Paragon of Animals

Discussion in 'General Discussion' started by Steerpike, Jul 14, 2008.

  1. Steerpike

    Steerpike Registered Member

    I could have placed this in the philosophy forum, but since the language is poetic, it doesn’t lend itself to that level of analysis.

    “What a piece of work is a man, how noble in reason, how
    infinite in faculties, in form and moving how express and
    admirable, in action how like an angel, in apprehension how like
    a god! the beauty of the world, the paragon of animals …” - Hamlet Act II, Scene 2

    Discuss to what extent in the positive sense humanity satisfies (or can satisfy) each category (eg. “noble in reason” ) of Shakespeare’s descriptions.

  2. AngelsPeak

    AngelsPeak Wanna play?

    Why does it have to be in the positive sense? You do realize how few members are going to be able to wrap their minds around this post don't you?
    lise likes this.
  3. Steerpike

    Steerpike Registered Member

    Members may respond to as many of the attributes Shakespeare lists as they are inclined and able.
  4. Merc

    Merc Certified Shitlord V.I.P. Lifetime

    It's bias because it's written by a human.


    But yeah in seriousness, there are good examples in each category, but could you list exactly what you're looking for?
  5. Steerpike

    Steerpike Registered Member

    What examples did you have in mind?
  6. lise

    lise Registered Member

    You mean, whether shakespeare was right or wrong about each of those attributes?

    "What a piece of work is a man, how noble in reason, how
    infinite in faculties, in form and moving how express and
    admirable, in action how like an angel, in apprehension how like
    a god! the beauty of the world, the paragon of animals..."

    Well, okay. Shakespeare sure does like to embellish on his kind, that's for sure...

    He's basically waffling on about how complex and glorified humans are. And yes, they are...but he's saying how complex they are, but then he's generalizing them all into categories such as noble, admirable etc, when those are all qualities not to be gained- we don't automatically have those instilled in us. If one is complex, they are different from another. Usually, anyway. So he's kind of contradicting himself, if they're all the same.
    Also, if you're just born with being noble and admirable, that's not really admirable in itself, because you can't help it.
    Was the character talking about a particular individual [in the play], or just about humankind in general?
    So, the positivity kind of going out the window there.
    I'll stop waffling on, myself, now.
    Jeanie likes this.
  7. Steerpike

    Steerpike Registered Member

    In the play, the character (Hamlet) is actually referring to males (only).

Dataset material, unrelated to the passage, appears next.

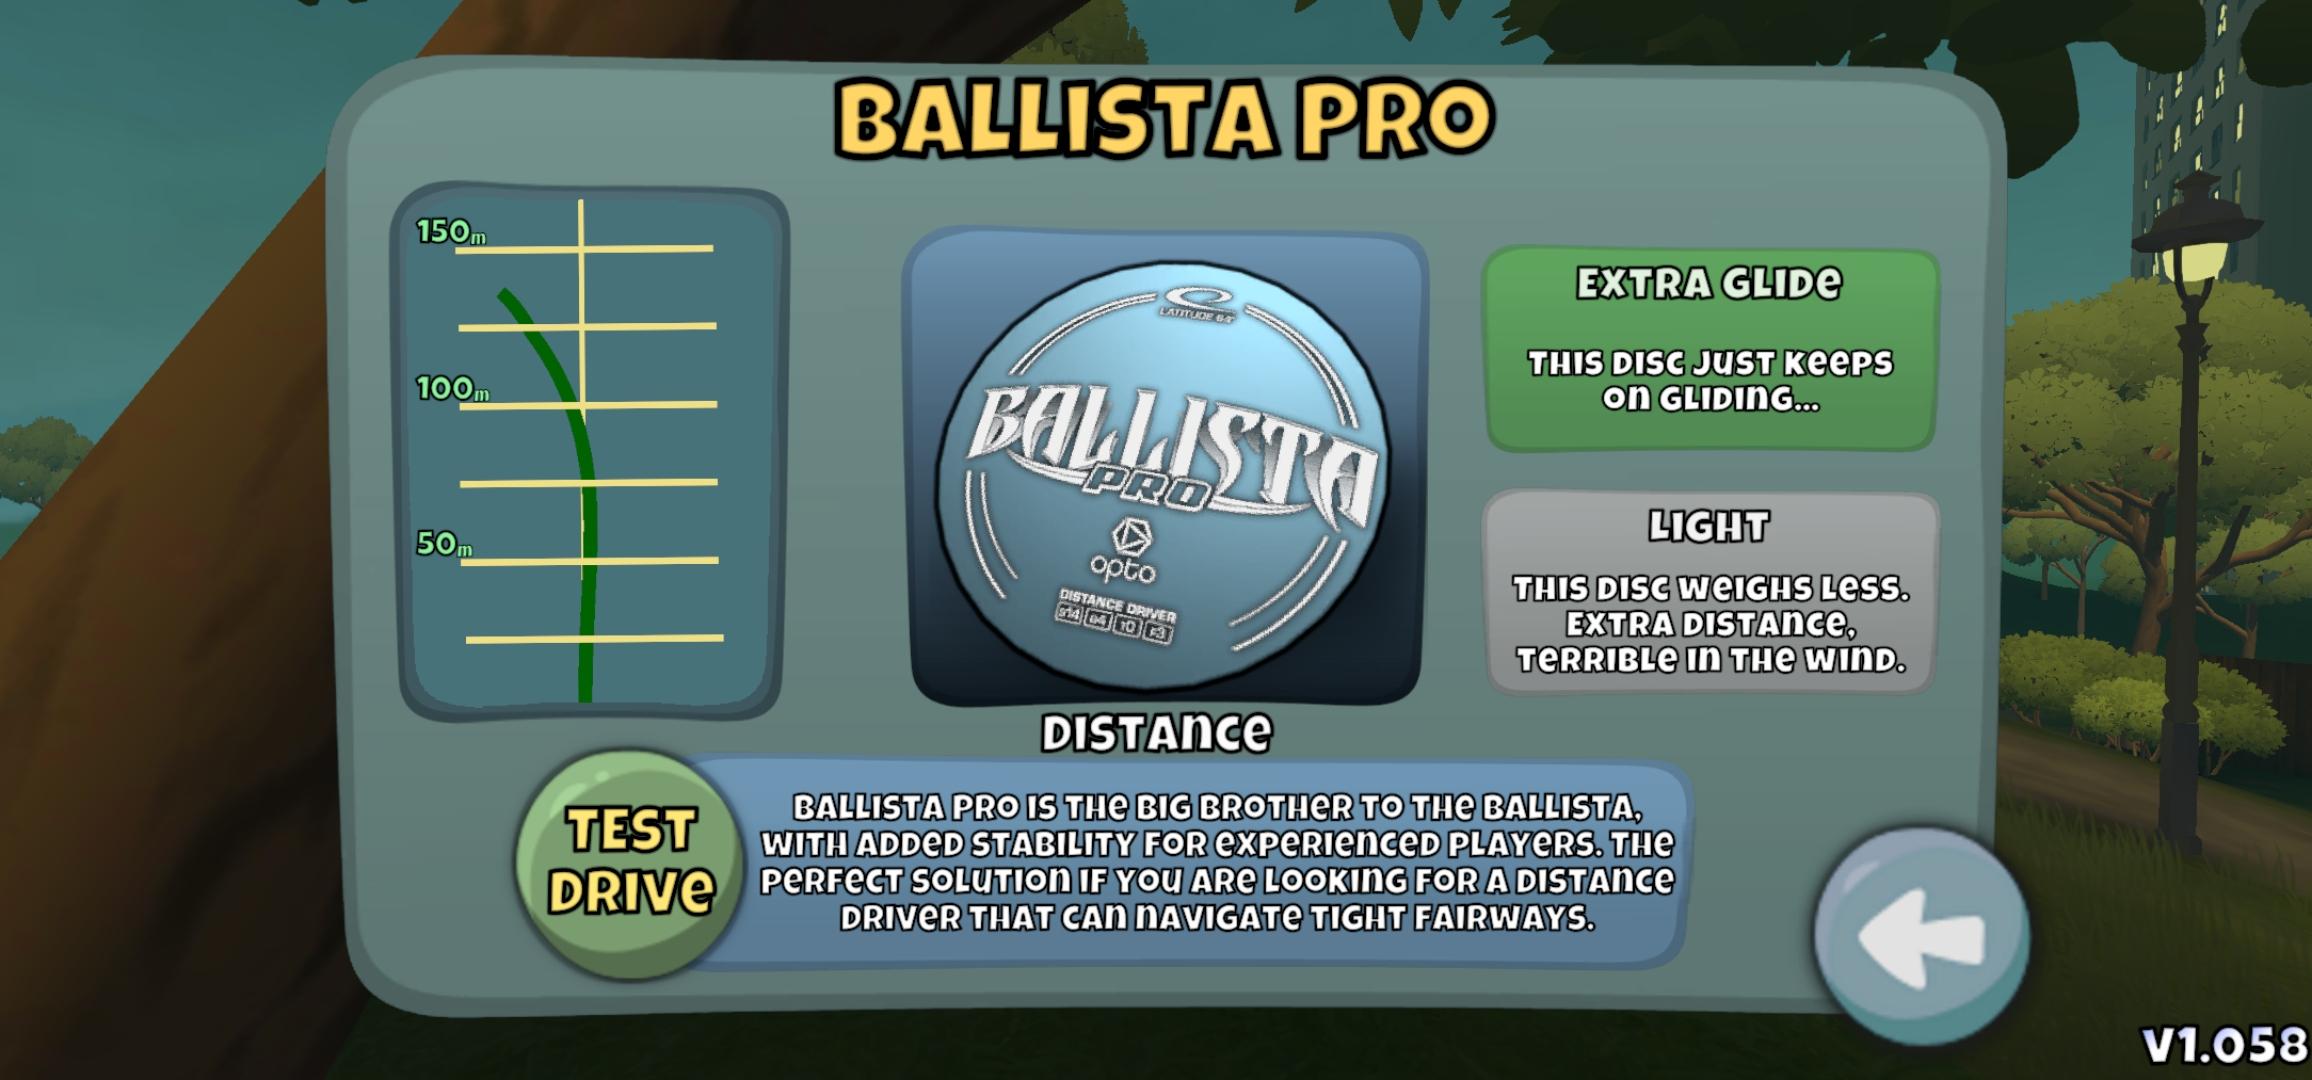 Best Distance Driver in Disc Golf Valley - The Ballista Pro Extra glide-Light

But for the purpose of the thread, we're using it to refer to humanity as a whole.

    We are not looking to ask if Shakespeare was right, but rather given humanity at its best (individuals or groups) to what extent those attributes can be filled and how they are manifested.
  8. AngelsPeak

    AngelsPeak Wanna play?

    I think she gave a wonderfully though out answer to your evasive question.
  9. lise

    lise Registered Member

    Thank you, AngelsPeak =] That made me smile.

    And Steerpike; I'm sorry if I misunderstood the intention of the discussion, but that was my interpretation it =]

    Well, obviously mankind can obtain those qualities at their best. Gods were invented by humans [I'm not meaning to offend anyone religious here; that's just my belief], and, in my opinion, humans are more or less incapable of inventing anything that they themselves cannot achieve- they would like to have the qualities which the gods possess, so they write about these wonderful beings, which are basically just extended versions of their glorified selves. Excluding, of course, the magical powers, flying carpet, phoenix kind of qualities ;] So, I think that it's not inconcievable that humans be compared to gods. Same applies to the angels.
    However, saying that humans represent the "beauty of the world" is a little bit...presumptious. A little? It's really presumptious! We, as humans, are equal to every other creature on this earth, and to say that the rest of the world is inferior to our species is kinda...well, yeah, presumptious.

    I think maybe Shakespeare was on a bit of a trip when he wrote that ;]
  10. Merc

    Merc Certified Shitlord V.I.P. Lifetime


    I think Shakespeare was just having a moment of wonder. Nothing else. There are examples of great reason, action and such but they're everywhere. Also, as it is necessary in a universe of balance, there are some truly horrible examples as well.